Exercise directions: Copy all lines in the data that contain the string "Photo".

Recorded data
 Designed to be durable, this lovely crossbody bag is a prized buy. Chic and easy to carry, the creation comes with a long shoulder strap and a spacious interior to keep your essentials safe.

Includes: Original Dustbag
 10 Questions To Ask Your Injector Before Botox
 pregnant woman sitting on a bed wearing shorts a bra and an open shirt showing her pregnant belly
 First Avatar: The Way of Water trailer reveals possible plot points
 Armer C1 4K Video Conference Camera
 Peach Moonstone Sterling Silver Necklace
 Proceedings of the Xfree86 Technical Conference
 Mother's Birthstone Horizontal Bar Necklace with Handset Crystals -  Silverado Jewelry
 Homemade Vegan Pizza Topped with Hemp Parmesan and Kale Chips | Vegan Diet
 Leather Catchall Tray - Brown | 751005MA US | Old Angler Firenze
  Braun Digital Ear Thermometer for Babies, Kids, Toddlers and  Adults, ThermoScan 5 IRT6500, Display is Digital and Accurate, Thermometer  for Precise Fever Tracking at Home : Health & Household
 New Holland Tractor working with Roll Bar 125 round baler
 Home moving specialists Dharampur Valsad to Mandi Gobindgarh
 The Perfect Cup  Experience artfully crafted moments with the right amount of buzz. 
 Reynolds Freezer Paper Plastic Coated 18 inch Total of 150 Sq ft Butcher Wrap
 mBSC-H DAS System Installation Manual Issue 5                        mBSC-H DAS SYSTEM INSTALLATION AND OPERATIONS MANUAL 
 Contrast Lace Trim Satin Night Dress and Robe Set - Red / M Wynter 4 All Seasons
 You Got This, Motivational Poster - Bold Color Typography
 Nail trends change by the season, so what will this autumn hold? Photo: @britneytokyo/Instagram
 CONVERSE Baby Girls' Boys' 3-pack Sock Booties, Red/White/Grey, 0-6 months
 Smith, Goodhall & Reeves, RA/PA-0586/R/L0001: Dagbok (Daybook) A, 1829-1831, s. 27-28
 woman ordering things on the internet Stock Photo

Task result:
 Nail trends change by the season, so what will this autumn hold? Photo: @britneytokyo/Instagram
 woman ordering things on the internet Stock Photo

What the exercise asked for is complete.